# NBD! Warwick Custom Shop Thumb NT 6-String - Buckeye Burl/Wenge (w/ Video)



## MistaMarko (Jul 2, 2014)

Hey folks, wanted to give my newest family member a proper NBD thread, check it out! Blown away by this instrument and Warwick did an absolute incredible job on this, can't wait to use it on upcoming tours and albums! I'm in heaven, and the happiest I've ever been to see a FedEx truck...

1" California Buckeye Burl Top
Wenge Neck
Mahogany Body
Natural high-gloss finish
Neck-Through (hidden neck)
EMG 45JX Soapbars
MEC 3-way pre-amp
Schaller tuners/strap locks
Warwick 2-piece bridge
Satin Chrome hardware finish
Matching headstock
Blue front-facing LEDs (Planets/Sunset on 12th)
34" Scale length

Just uploaded a video demo with info and tone/playing samples, check it! 



PHOTOS:


----------



## Rakija (Jul 2, 2014)

That top is orgasmic.


----------



## s_k_mullins (Jul 2, 2014)

Absolutely stunning!!


----------



## JoeyW (Jul 3, 2014)




----------



## rikomaru (Jul 3, 2014)

Duuuuuuuuuuuuuuuuuuuuuuuude. D:


----------



## Fretless (Jul 5, 2014)

I'm not a fan of the ibby style burl tops that are super thin, so when I first saw the title I wasn't expecting much (I know it's not ibanez but still bear with me), yet when I saw this I about near jumped out my window to go hunt you down. That is an amazing bass!
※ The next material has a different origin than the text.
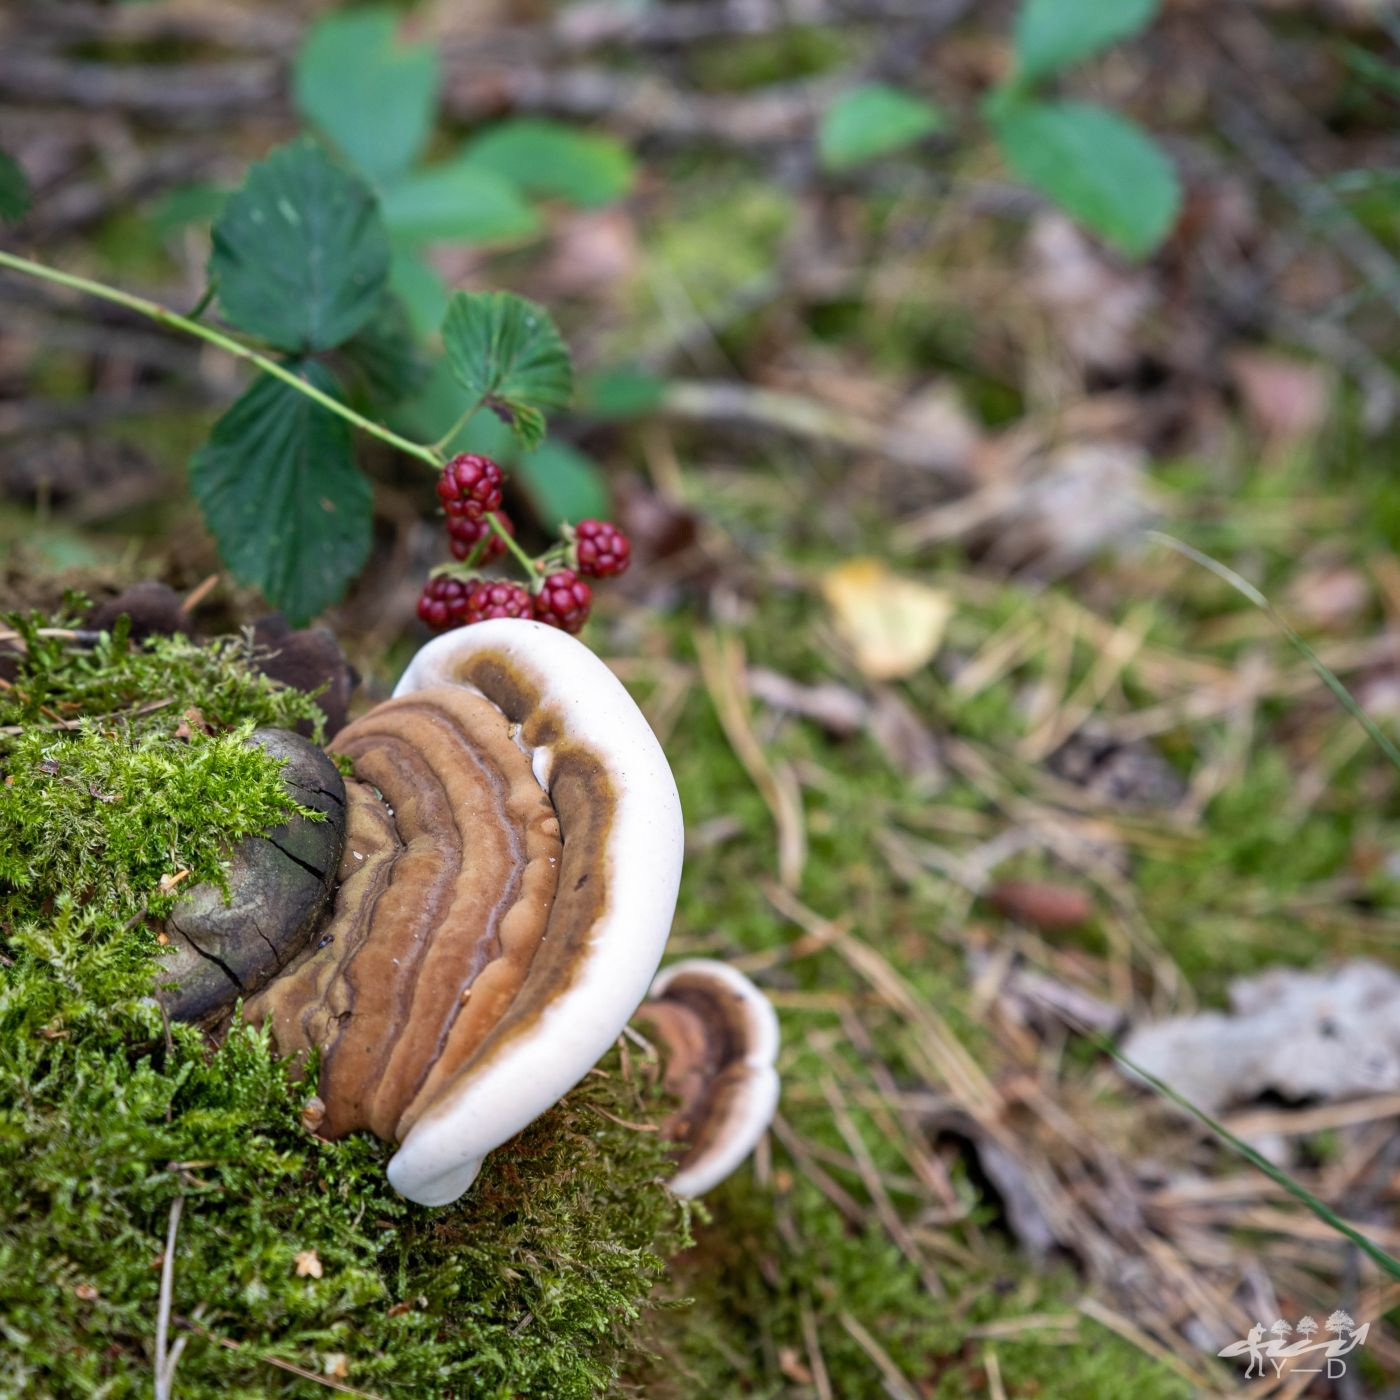 Parc national de Haute Campine - Mechelse heide, Belgium

Thick burl tops +1! HNBD


----------



## Nag (Jul 5, 2014)

I'm not sure that what you said at 4:20 is what you actually meant to say... having more frets doesn't make the spacing smaller on the rest of the fretboard, reducing the scale length does that.

But this looks like a fun instrument nonetheless


----------



## blckrnblckt (Jul 6, 2014)

LED inlays look cool


----------



## Jlang (Jul 6, 2014)

I honestly didn't know that was how you pronounced "wenge" sick ....ing bass though dude. HNBD


----------



## XeoFLCL (Jul 6, 2014)

Oh wow, I caught this on youtube a few days ago when the forums were down.. Didn't expect to see it posted here 

even though that neck would probably kill me, I still want it. Beautiful.


----------



## Mwoit (Jul 6, 2014)

That looks fantastic. Sweet!


----------



## pushpull7 (Jul 7, 2014)

Nice!


----------



## MistaMarko (Jul 8, 2014)

Nagash said:


> I'm not sure that what you said at 4:20 is what you actually meant to say... having more frets doesn't make the spacing smaller on the rest of the fretboard, reducing the scale length does that.
> 
> But this looks like a fun instrument nonetheless



It confused me too, because I thought the same, but Warwick mentioned that having 26 versus 24 on the standard Thumb basses SLIGHTLY decreases the width of the rest of the frets. Even though the fretboard is simply extended for them, it's squeezed in a space slightly narrower than the 2 frets. I could have misunderstood them, so that's kind of what I was getting at in the video.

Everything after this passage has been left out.